"Alhamdulillah ... kita sudah dapat banyak hari ini," kata Diyon yang sedang memegang ikan dan kepiting di tangannya. Ia sangat senang karena bisa menangkap banyak ikan di sungai itu.
"Wah, kita sudah lama, yah! Eh, bagaimana dengan Neni sama Nur? Ayo samperin mereka!" ajak Ayub. Ia tidak sabar untuk memamerkan hasil buruannya pada dua anak gadis yang sedang menunggu.
Wawan, Diyon dan Ayub sudah cukup dapat banyak ikan. Mereka pun ingin segera menyantap hasil tangkapan yang berupa ikan, udang dan kepiting.
Apalagi ikan-ikan itu sudah dibersihkan dari kotoran dan yang ada di perut. Mereka hanya tinggal mencari ranting kering dan membakarnya.
Mereka kembali ke jalan di mana mereka meninggalkan dua gadis yang baru pertama naik ke bukit tersebut. Saat mereka sudah dekat, terlihat Neni dan Nur yang ketakutan. Di depan mereka ada Hilman dan Eva yang merasa bingung dengan dua gadis itu.
"Kenapa kalian takut melihat kami? Kami bukan orang yang jahat, kok," ujar Eva. Niat awal hanya ingin bertanya, mengapa dua gadis itu ada di hutan yang jarang dilalui orang.
"Takut, Mbak," ucap Nur lirih. Ia bersembunyi di belakang Neni. Neni juga merasa takut karena ia tidak pernah melihat dua orang itu. Apalagi keduanya terlihat asing.

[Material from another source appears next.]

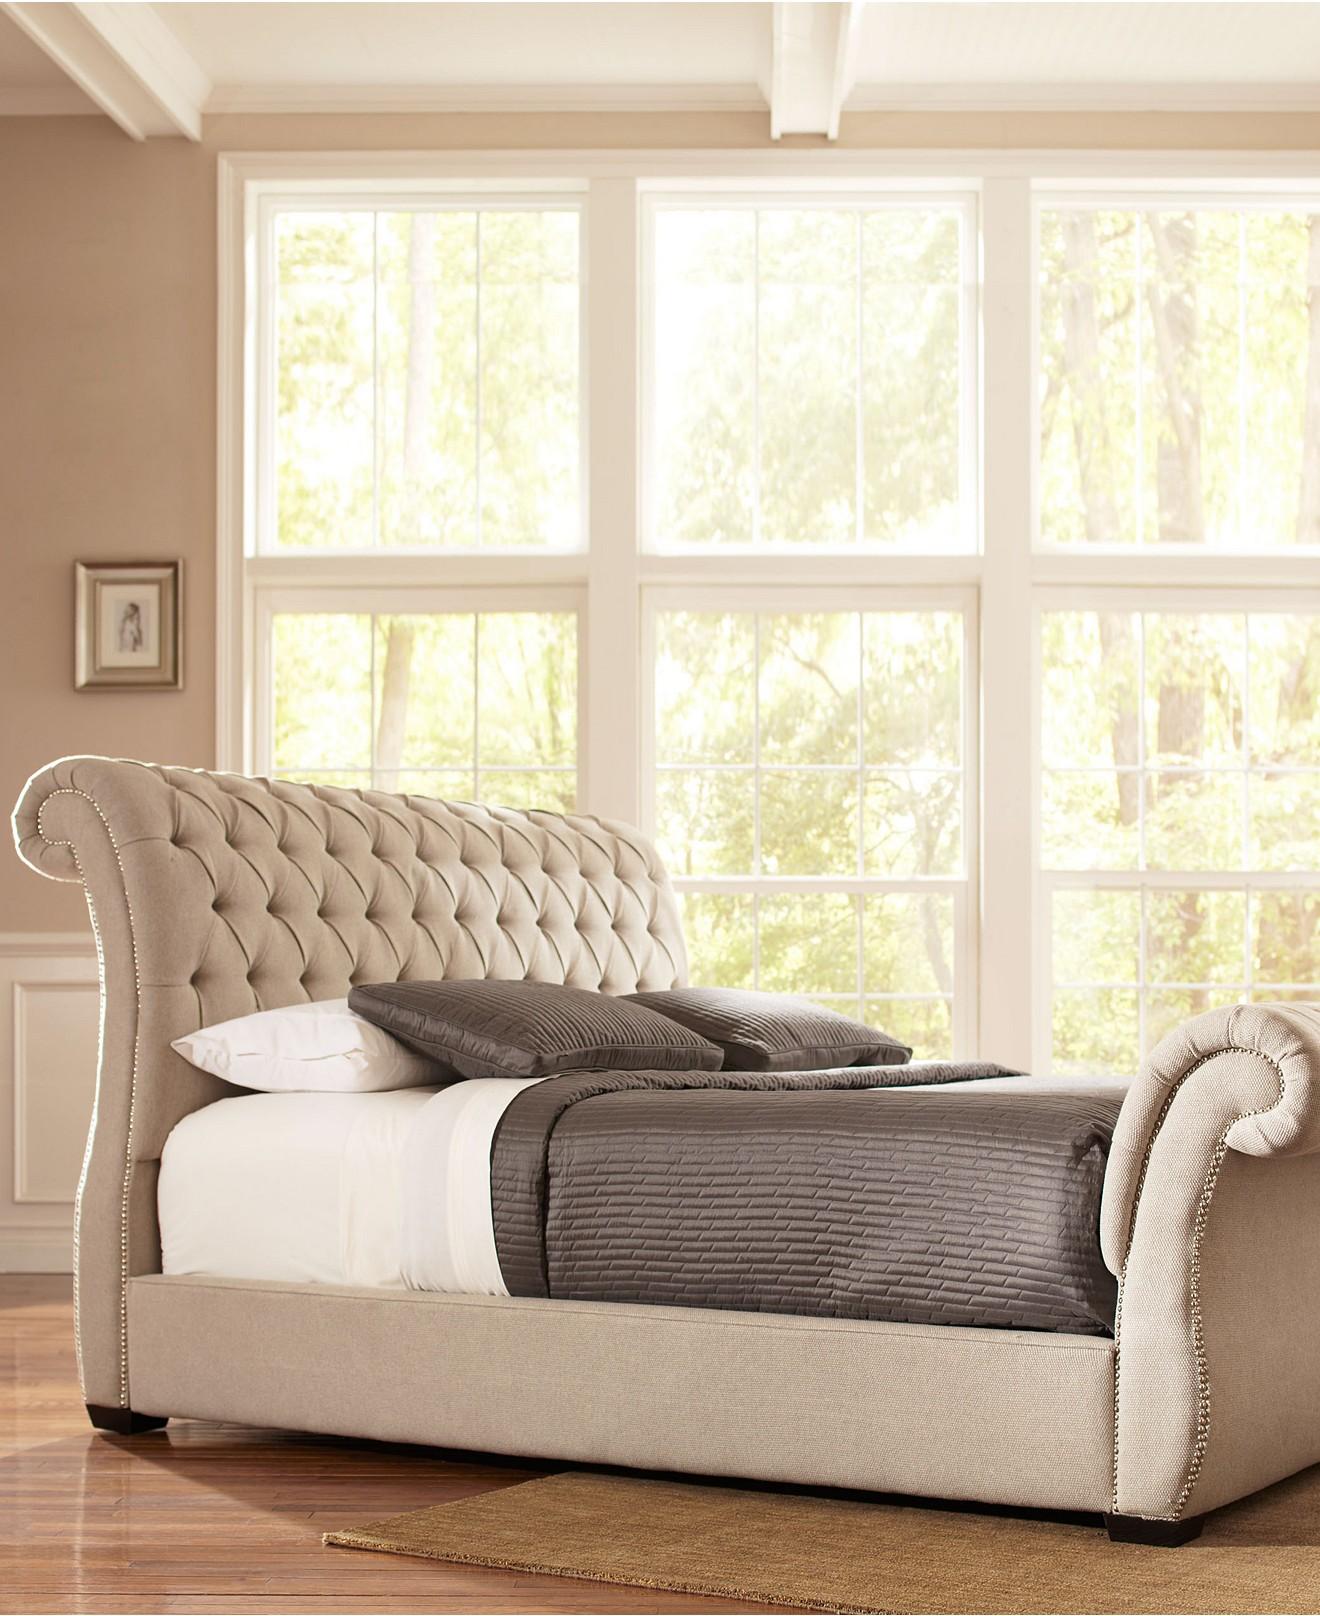 Macys Bedroom Furniture Paul Bashe Kaylie Mcclelands Wedding Registry

Eva dan Hilman memakai jaket hitam dan terlihat seperti orang jahat bagi Neni dan Nur. Saat mereka tidak tahu apa yang harus dilakukan, tiga anak lelaki itu sudah ada di belakang mereka.
"Heiy, lihat! Kami sudah dapat banyak ikan!" seru Ayub, memamerkan hasil tangkapan ikannya pada Neni dan Nur.
"Pak Hilman? Selamat pagi, Pak," sapa Diyon ramah. Ia menundukkan kepalanya pada Hilman.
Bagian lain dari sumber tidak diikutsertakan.